§ Your task
Without the images, repeat every line of the listing verbatim.

§ Collected data
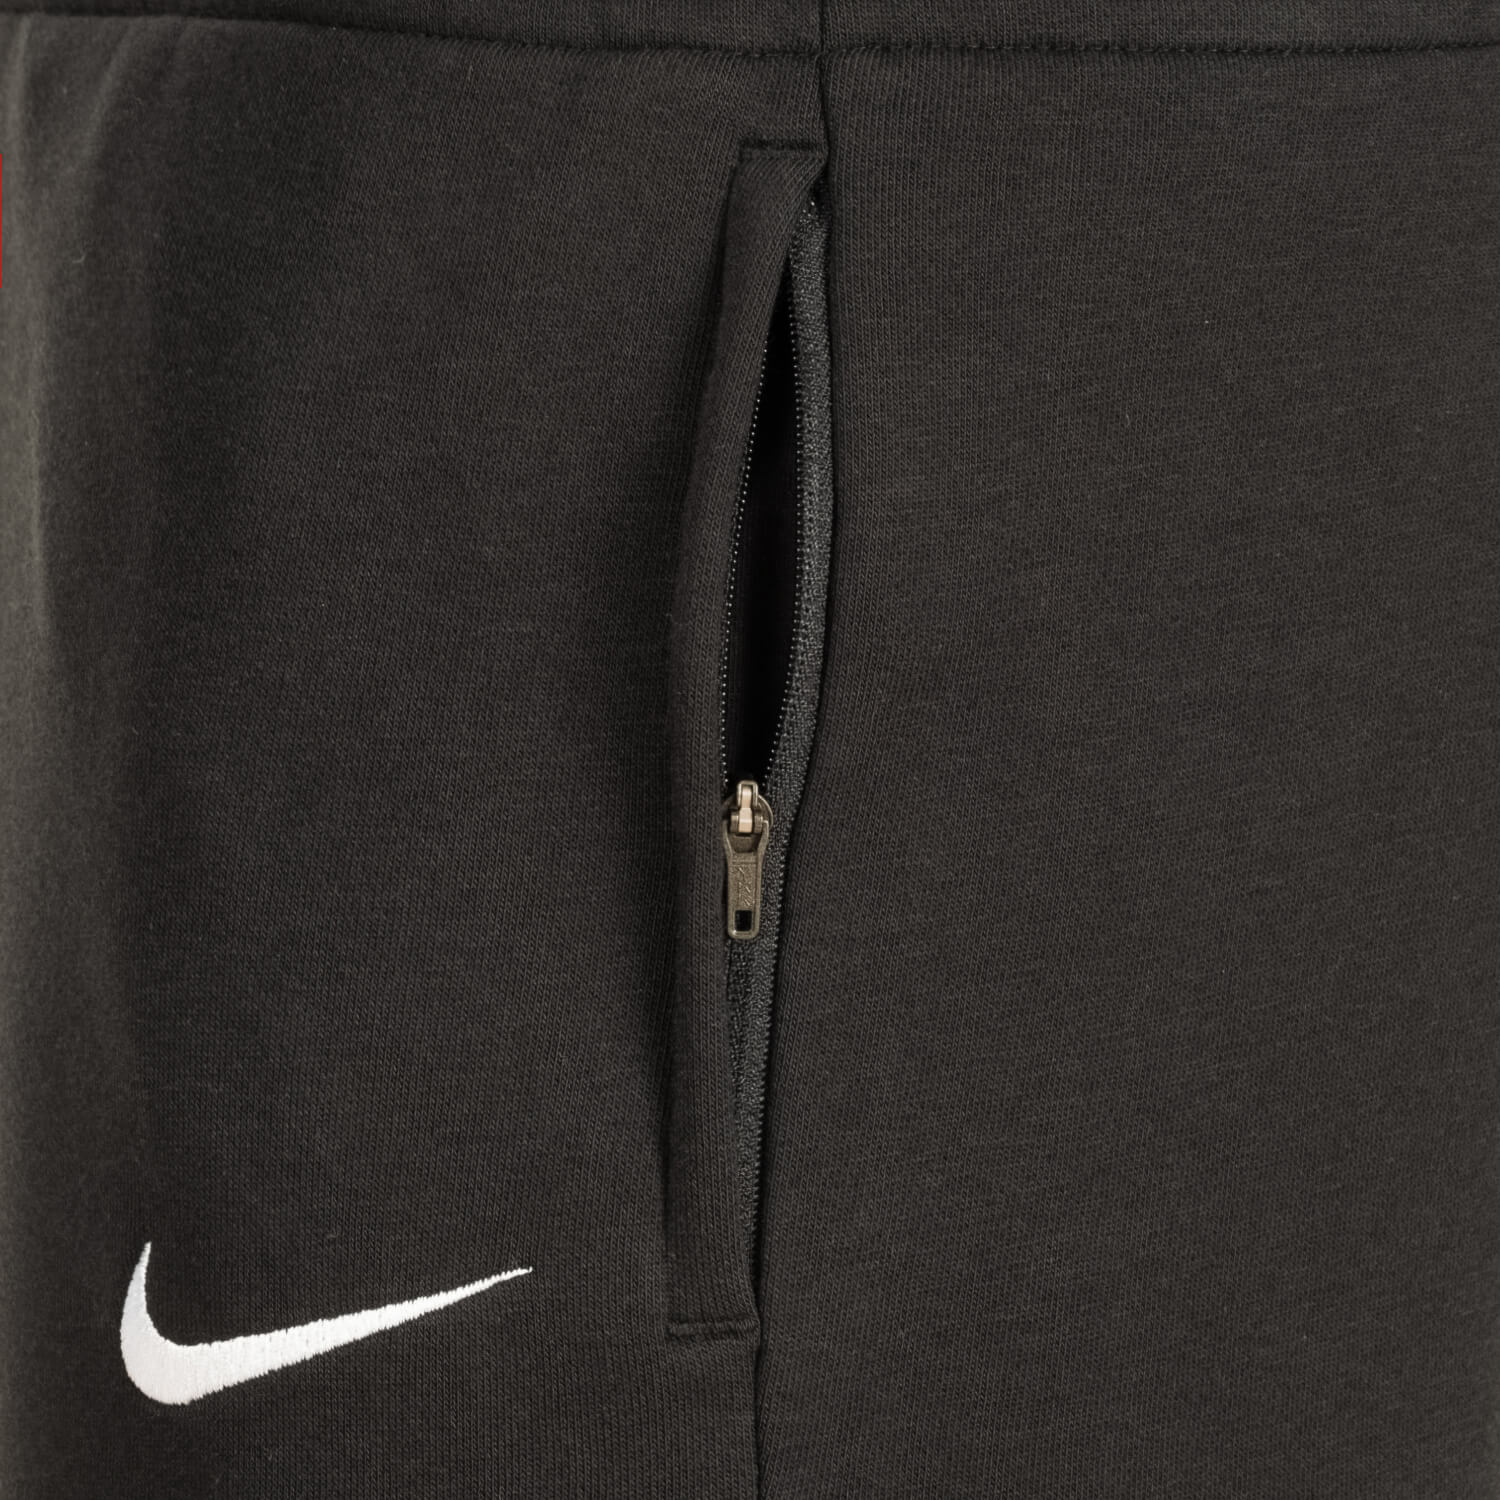 Bild 5: Nike Damen Hose lang Basic schwarz
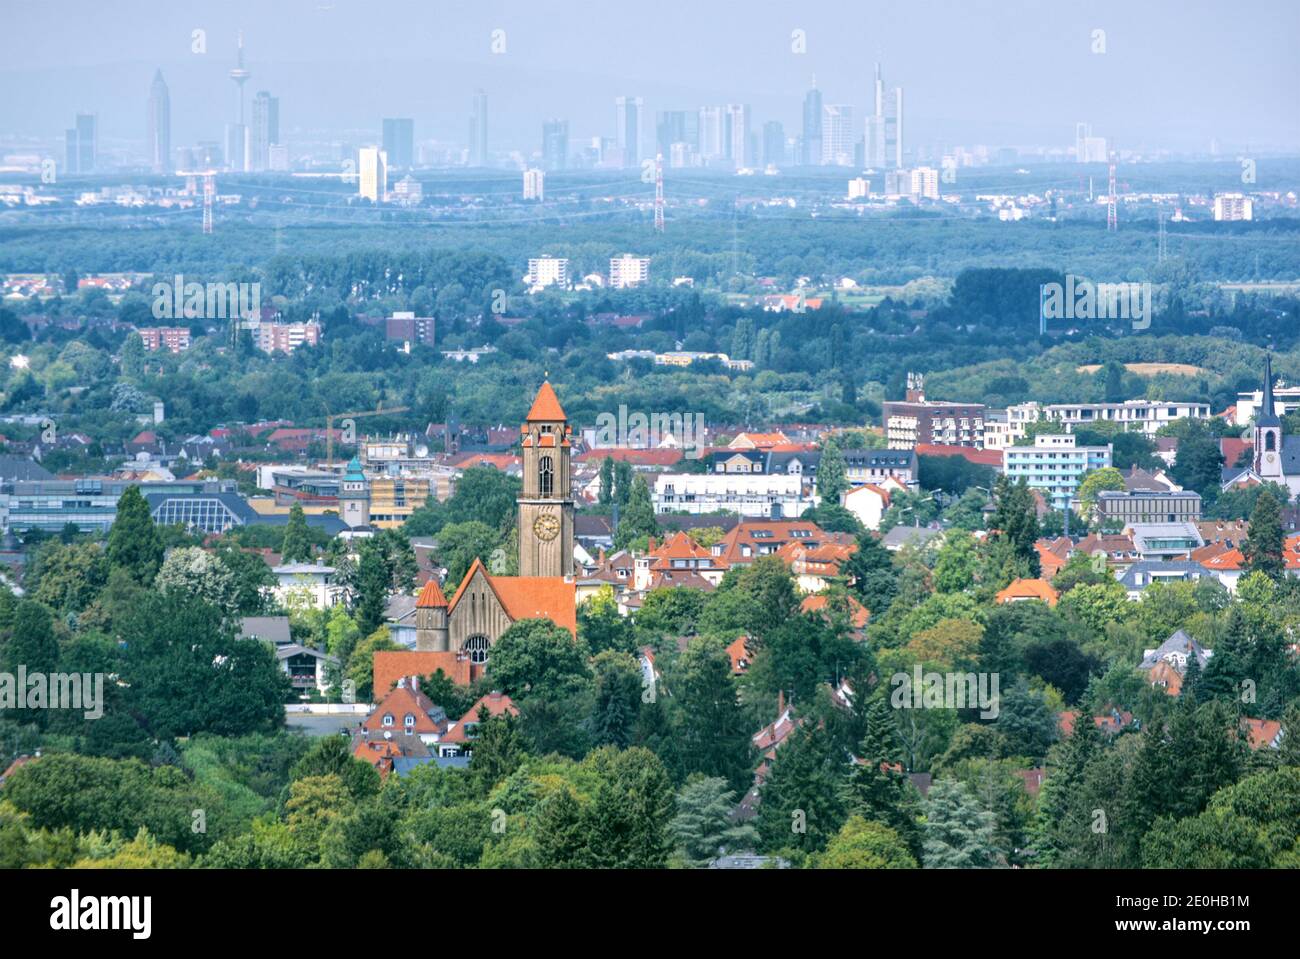 Paisaje urbano de Darmstadt (Alemania) y el horizonte de Frankfurt am Principal en el fondo Foto de stock
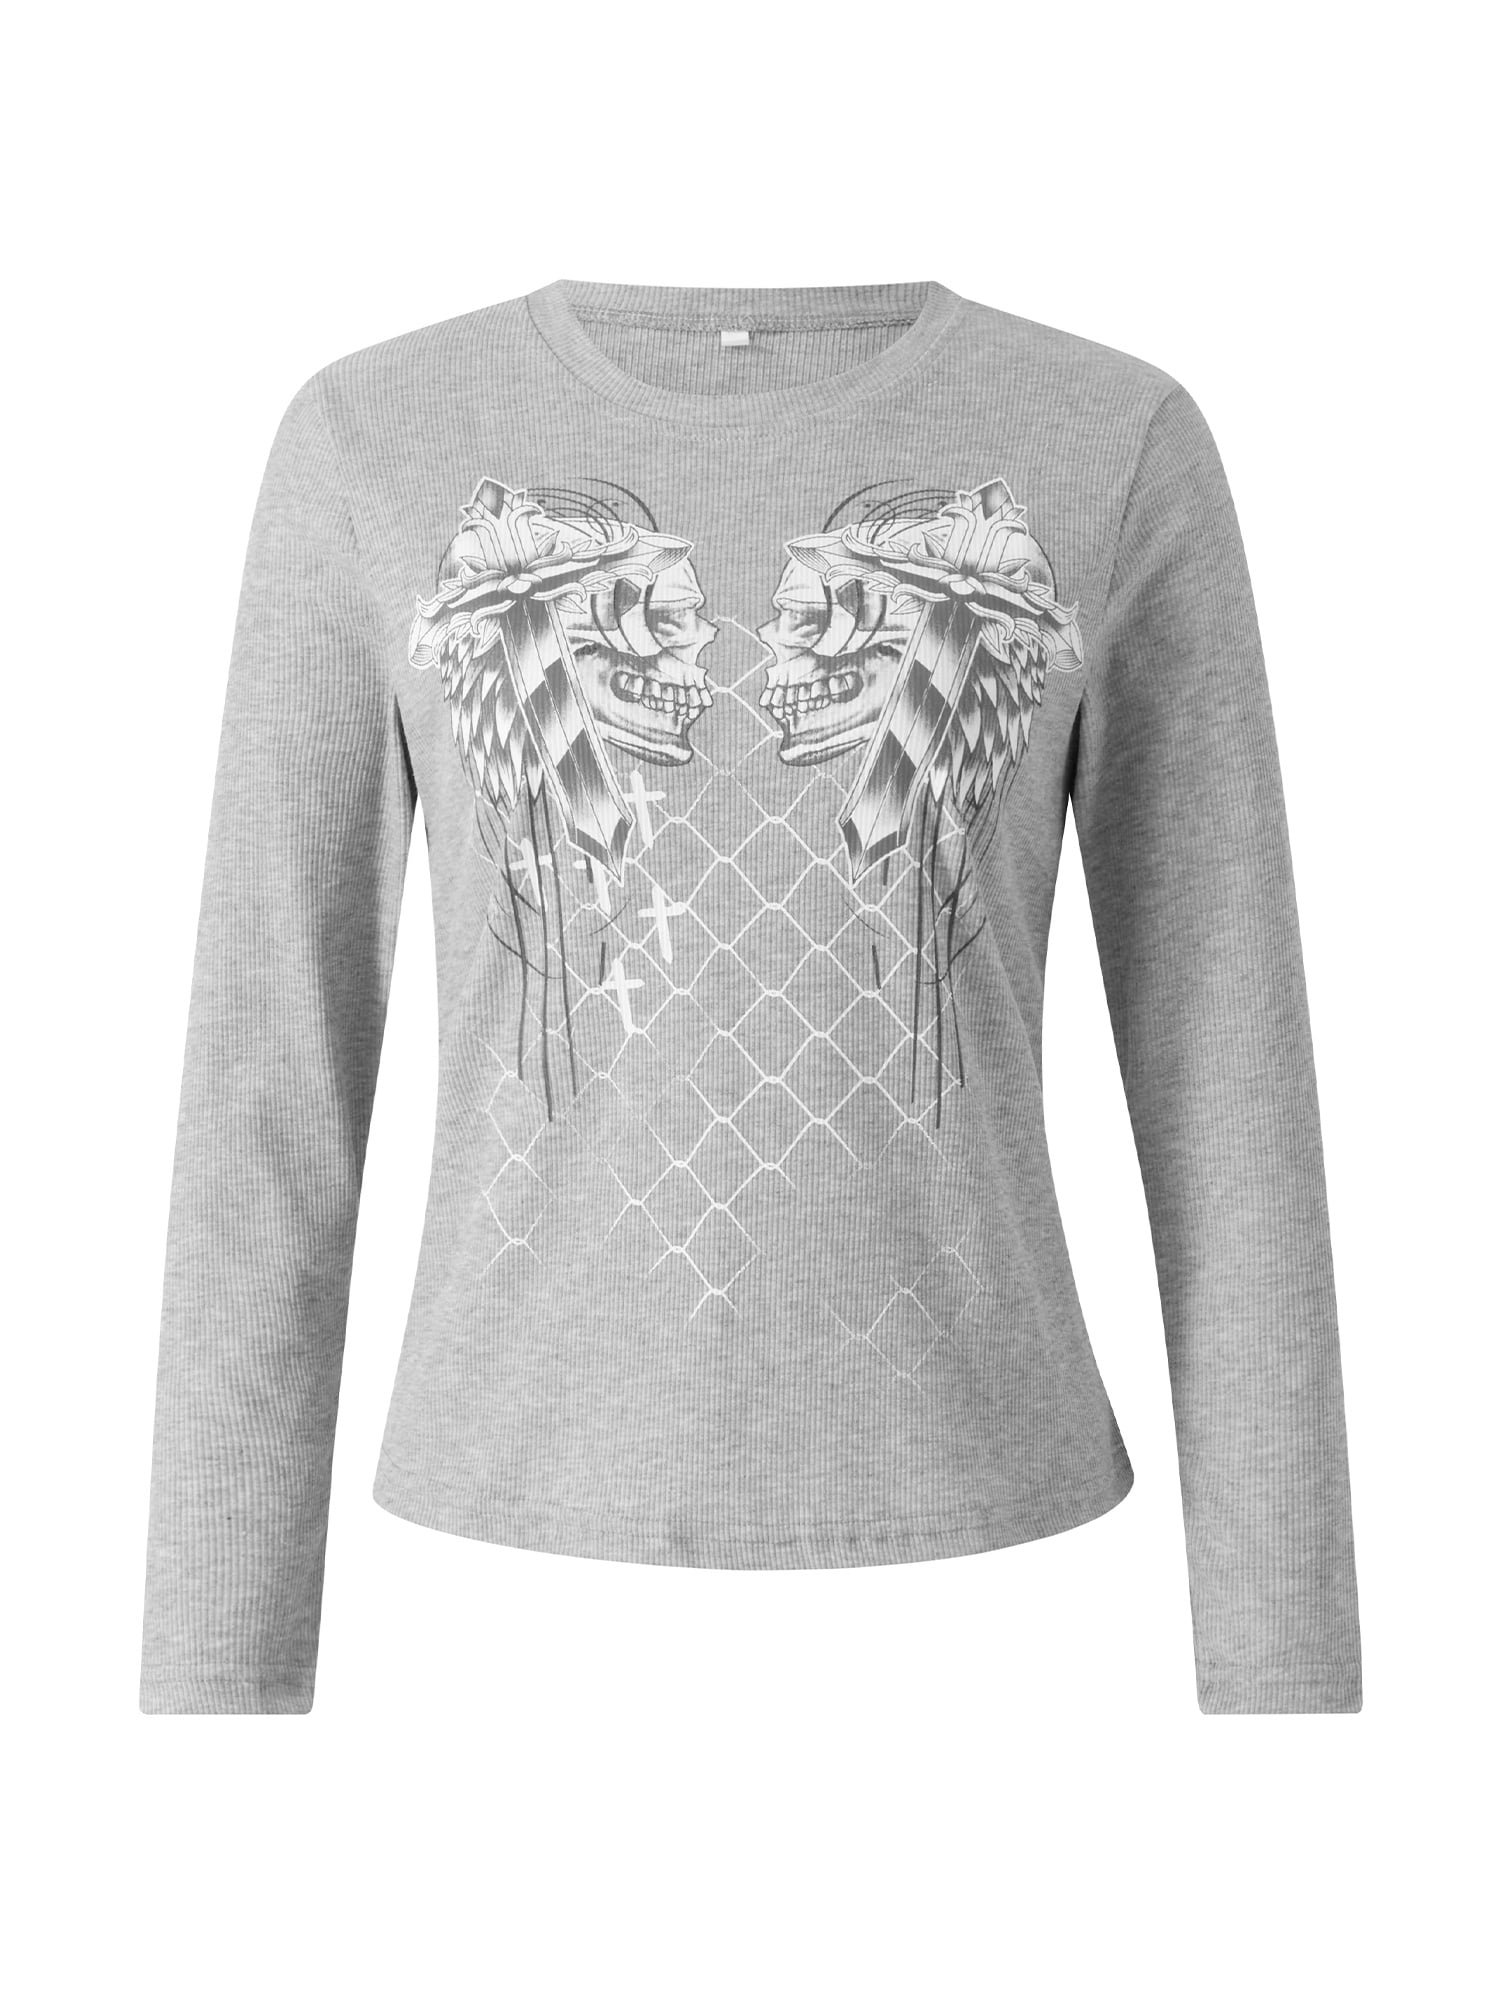 Aunavey Women Teen Girls Fairy Grunge Top Y2k Long Sleeve Baggy Sweatshirt  Graphic Tee Vintage Streetwear T-Shirt

§ Solution
 Bild 5: Nike Damen Hose lang Basic schwarz
 Paisaje urbano de Darmstadt (Alemania) y el horizonte de Frankfurt am Principal en el fondo Foto de stock
 Aunavey Women Teen Girls Fairy Grunge Top Y2k Long Sleeve Baggy Sweatshirt  Graphic Tee Vintage Streetwear T-Shirt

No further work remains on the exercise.